Widziałam to kiedyś, świetny.
No i jak można lubić Elenę, no jak?? she doesn't understand how hard it is... TAaaaaaa
Tylko Stefan jej pomógł o ile dobrze pamiętam. No i chyba Elena się na nią wtedy nie wypięła, prawda?
Elena dala Stefanowi odwalic calą robotę, a sama pojechala ch.uj wie gdzie z Damonem i Alarickiem, by DE mialo romansowe sceny.
Po torturach Caroline, to Stefan się musial wykazac inicjatywą i poprosic Elenę by poszla przenocowac z Caroline.
No ale nie bedę az taki surowy - poprosila Damona by nie zabijal Caroline + ogólnie jakos się nie wkurzyla zbyt mocno na fakt ze Caro pracowala dla Katherine.
Tylko co z tego, że dali Caro taki ładny wątek skoro i tak ją zniszczyli... powiedzmy - nadszarpnęli jej reputację. Zupełnie zapomniała czego się nauczyła w 2 sezonie według mnie.

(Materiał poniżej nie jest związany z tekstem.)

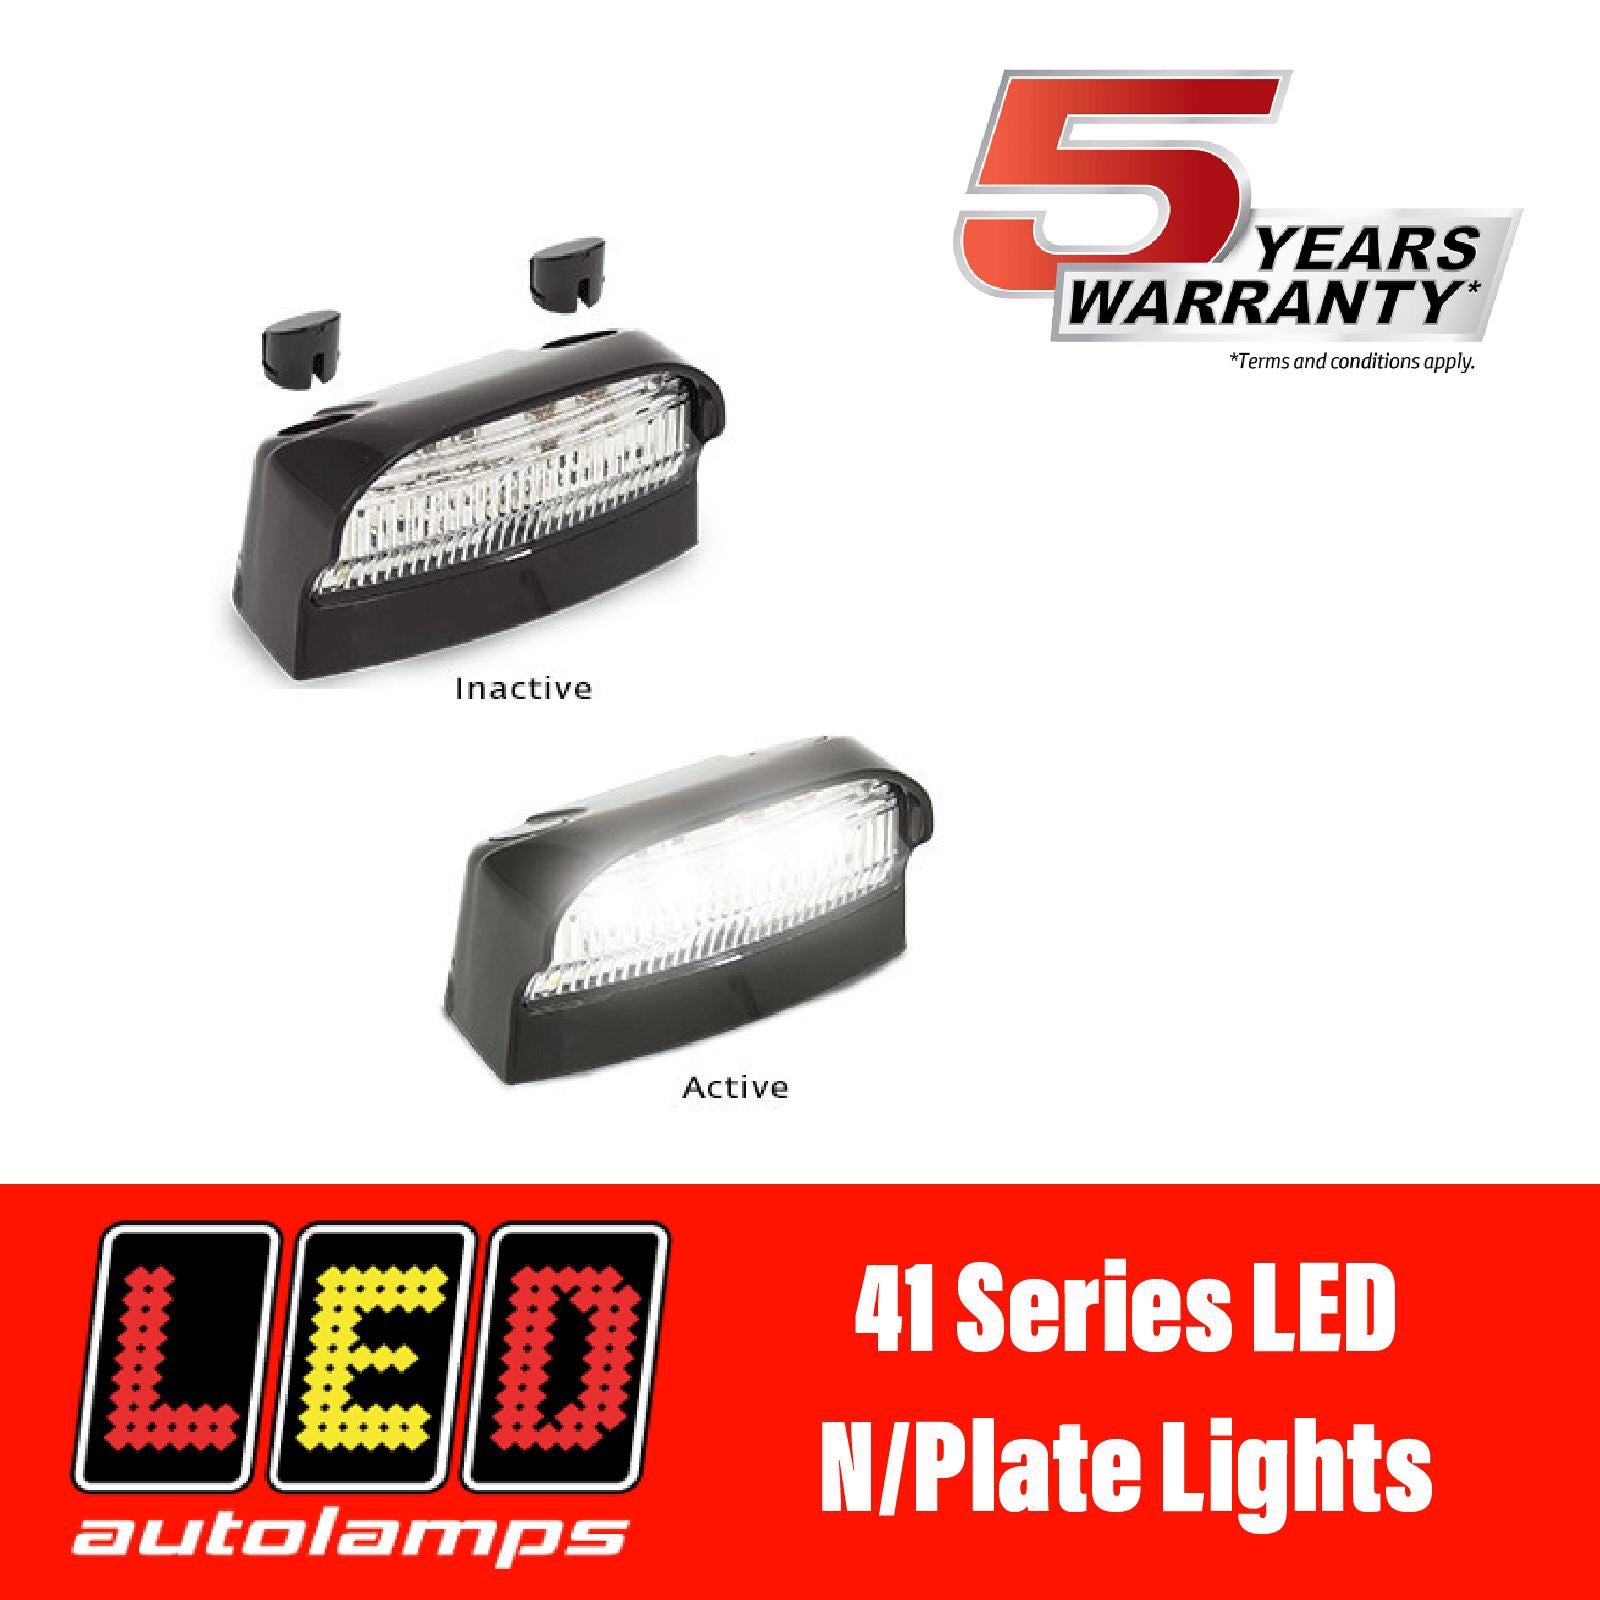 LED AUTOLAMPS 41 SERIES LED Number Plate Light
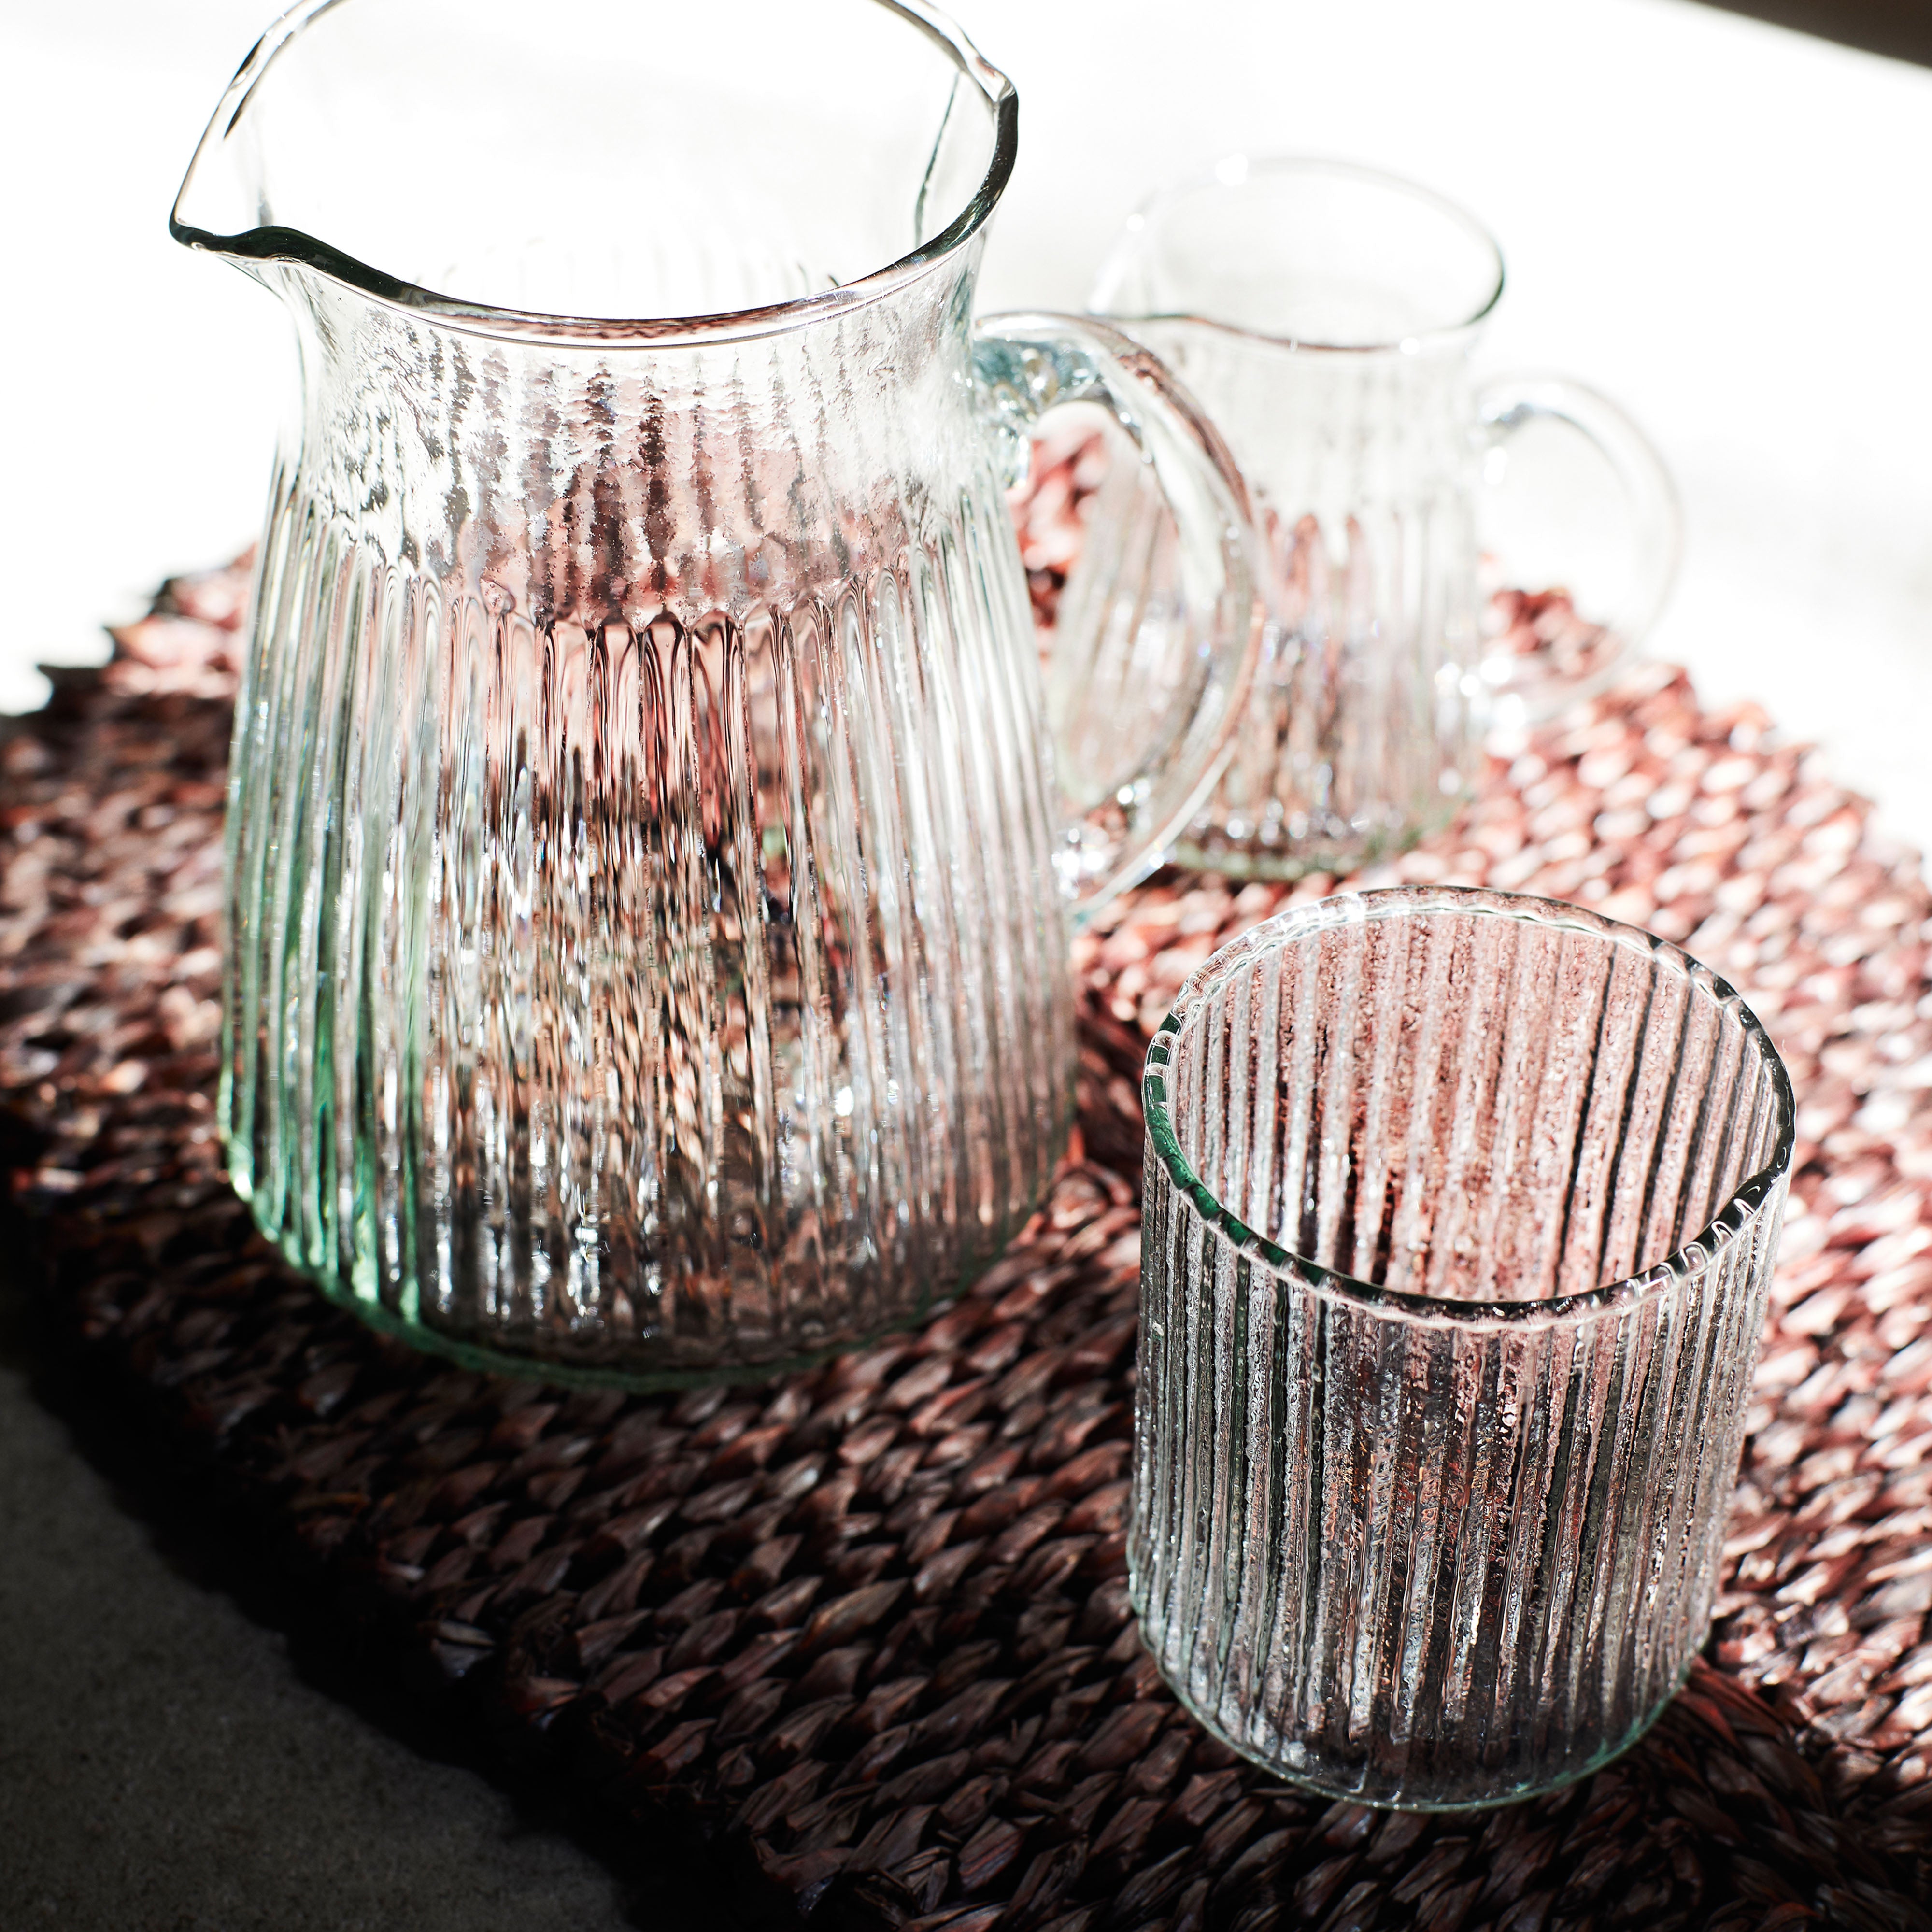 GROOVED GLASS TUMBLER

A z tego co widać, będzie już tylko gorzej.
No spłycili jej postać trochę, nie zaprzeczę. Oprócz nowych facetów to nie ma żadnych innych wątków, to jak inaczej to może wyglądać? Biedaczka Bonnie jest nadal dziewicą, a Caro ma wokół samych adoratorów xD
Szkoda mi trochę Caroline, bo ja ją bardzo lubię, uważam że w 2 sezonie była świetna i przykro się patrzy, że powoli staje się takim kolejnym popychadłem. Chociaż jej sceny ze Stefanem w tym sezonie bardzo lubię, chociaż tyle ;D
Tyle świetnych postaci zniszczyli, więc i tak dla mnie Caro jest jeszcze do uratowania, gorzej z innymi xD
Pamiętam Caro z 2 sezonu - dlatego wiem, ze jest dla niej szansa. (potencjalnie). Tyle tylko, ze po tym co widac ze spoilerów - to znowu wciągną Caroline w te głupoty - nowe romanse, jakies pierdoły związane ze studiami + marudzenie na Delenę. Caroline potrzebuje jakiegos mocnego 'uderzenia'. Jej zycie zrobilo się zbyt slodko - pierdzące. Taka pani idealna. Idealni ludzie są nudni i nie ma pola do rozwoju. Niech ona cos po prostu spie.przy, niech popelni jakies blędy - by mogla potem znowu je naprawic i wyciągnąc z nich jakąs lekcję. Niech odpuszczą jej trochę romanse (ewentualnie walka o Tylera), niech jakos połączą ją z wątkiem głownym - bo jest komplentie bezuzyteczna dla fabuly. Robi pierdoły - tak jak w finale sezonu, a Bonnie i reszta zajmują się powaznymi sprawami. Zepchnęli ją na boczny tor.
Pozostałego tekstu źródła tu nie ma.